What I think Cracroft misses here, though, is that Mormonism is tainted with a whole host of other -isms. This is a theme I will get back to, but to put it bluntly: we’re all hybrids, literary critics or not. Add to the list: libertarianism, consumerism, conservatism, liberalism, dogmatism, athleticism, middlebrowism, self-help-ism, scientism, anti-scientism, so on and so forth, name your poison. This doesn’t mean that some aren’t more infected than others or that some -isms aren’t more problematic than others. It does mean, though, that as, Jorgensen, noted essentializing is problematic (although so is the inability to take some stabs at defining audiences and boundaries brought on by a fear of being accused of essentialism).

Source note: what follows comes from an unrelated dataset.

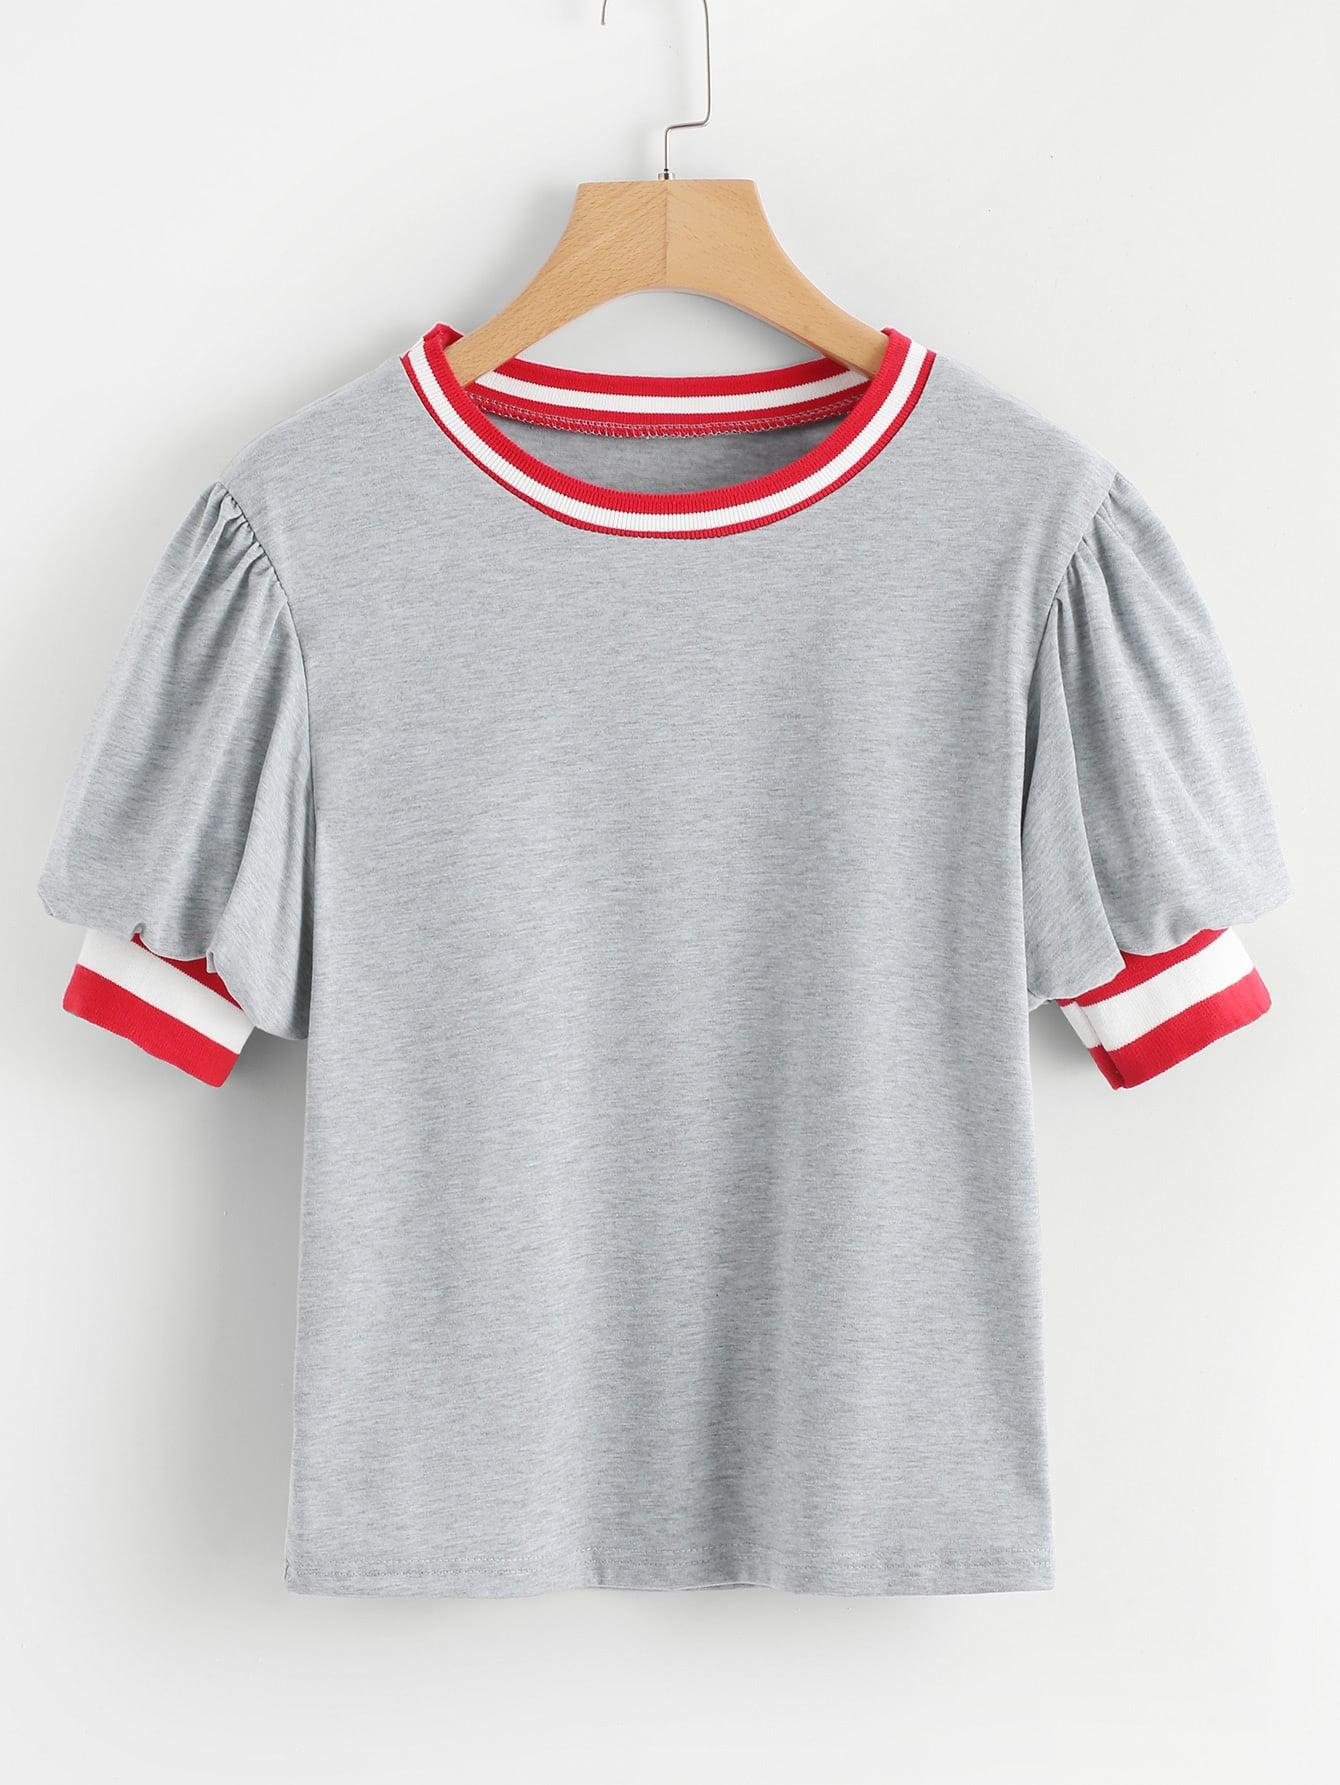 Фото Contrast Stripe Trim Lantern Sleeve Marled Tee men contrast stripe trim tee

It also ignores that Mormonism can be in productive dialogue with other -isms. Syncretism [3. Syncretism is the attempt to meld various beliefs and faith practices together.] may not be workable, considering Mormonism’s relationship with (or rather the continuing presence of) the LDS Church, which provides a set of (sometimes a bit fuzzy) institutional boundaries, but eclecticism [4. Eclecticism is the use of methods/ideas from various socio-cultural schools/strains of thought/critical lens without committing to the whole of the project.] certainly is. And I would argue that it’s impossible to do literary criticism without engaging in eclecticism. Cracroft isn’t identifying here what’s wrong with Mormon critics so much as what’s wrong with bad [5. Clumsy is probably a better adjective. I don’t wish to impute motive so much as execution.] literary critics.